Rascal was going to be a trail walk gun for the sake of carry. I think he weighs in at about six plus pounds. Trail walks are always piggy backed on trips up north to see the grandchildren and that was part of what started this whole re-purpose project. Since smoothbores clean faster than rifles, ease of cleaning was also an objective now that I had that brass fitting and rubber hose job I picked up at the Dixons Rifle Fair where the hose clamps to the touch hole. Ease of transport was up there with the 35” octagon to round barrel that would fit in our Hyundai Accent. I pulled the brass patchbox and replaced it with the wooden one. I like wooden patchboxes even though I rarely use either.
Now this guy was asking me if this beat up assembly had seen some history other that a stint in a corner and an incarceration of goofed up parts in a drawer. I was embarrassed enough to shoot a one foot group at 25 yards that day.
It does have that beat up look, probably because it was beaten up. Outside of the barrel, the heaviest part of the gun was the Brown Bess Trigger Guard, which is so ill suited as to actually be part of a pleasing look. This would be nowhere near the high quality Poor Boy Rifles being made by modern craftsmen, but it sure as coffee was going to look like something made for a poor boy; Maybe a nondescript tramping around the woods during the French and Indian War who could not afford anything other than something this side of a barn gun or a piece that a gunsmith could unload some parts on. Maybe a gun that saw too much history or some such and didn’t survive to make it into the Shumway Hall of Fame. Components on it were reasonably authentic, but the whole piece was, at best, maybe on the south side of conjectural. I love the conjectural. For me the conjecture would be something between the extremes…all the documentation I ever encountered and the ability to fit right in with Henry Fonda and Claudette Colbert and Ward Bond…Nah!!
In its best moments this would end up an expendable piece that I could teach my grandchildren to shoot when they cleared four feet in height. I just needed to pump it up so I could be motivated to sight it in. It surprised me because it really, really tickles me. It is so ugly it is actually pretty in my mind’s eye and there is probably a kind of solitude in that belief. If nothing else, it reinforces my belief that there is a reason rifle makers made rifles and shoemakers made shoes.
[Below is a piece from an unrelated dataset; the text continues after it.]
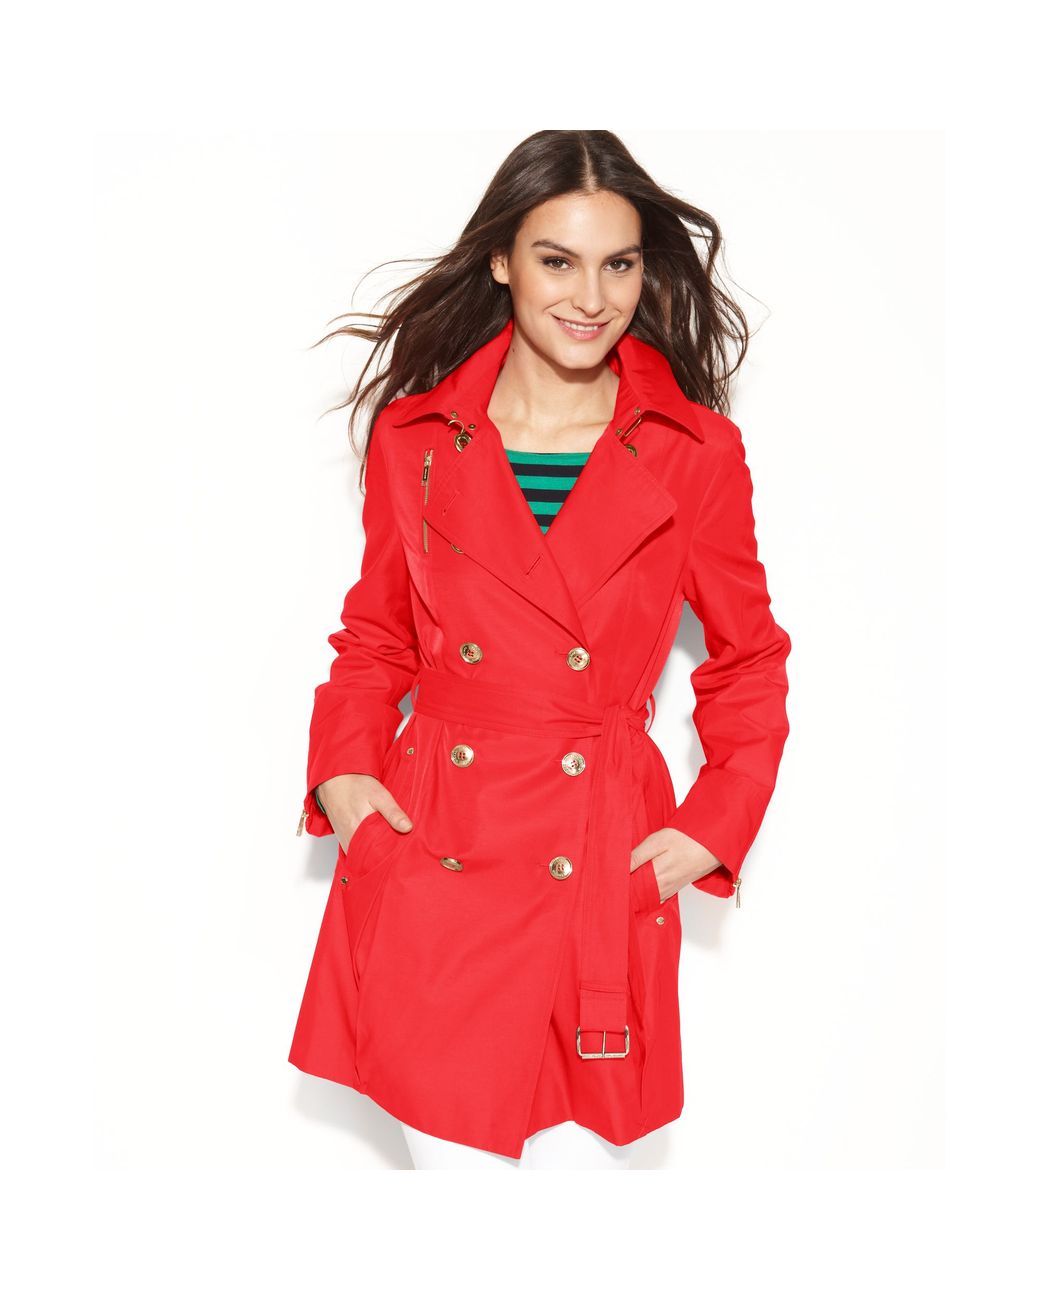 MICHAEL Michael Kors Stretch Cotton Chain Cord Anorak in Red

Nobody ever retched over my shoes, but I dunno about this gun…
Anyway, still saving my pennies to buy Shumway Books and learn more about the schools, I am willing to commit this venial sin of conjecture…the romance is just as much as the might-have-beens that did not survive time. From the first day in 1956 when I stood on the site of the colonial camp at Fort William Henry, where the massacre started, and I got spooked in the twilight, the lure of what we don’t know yet is just as great as the profit of what we do.
Last trip to the range and I got it to group 5” on a shoot n’ see at about thirty yards, which was a surprise in and of itself because I did not expect it to hit a bull in the fanny at five yards. Now I just have to tighten the group with load adjustment and controlling the urge to blink.
Of course, vanity was such that I had to make, rather than buy, a cartouche, but that’s a post in Accoutrements.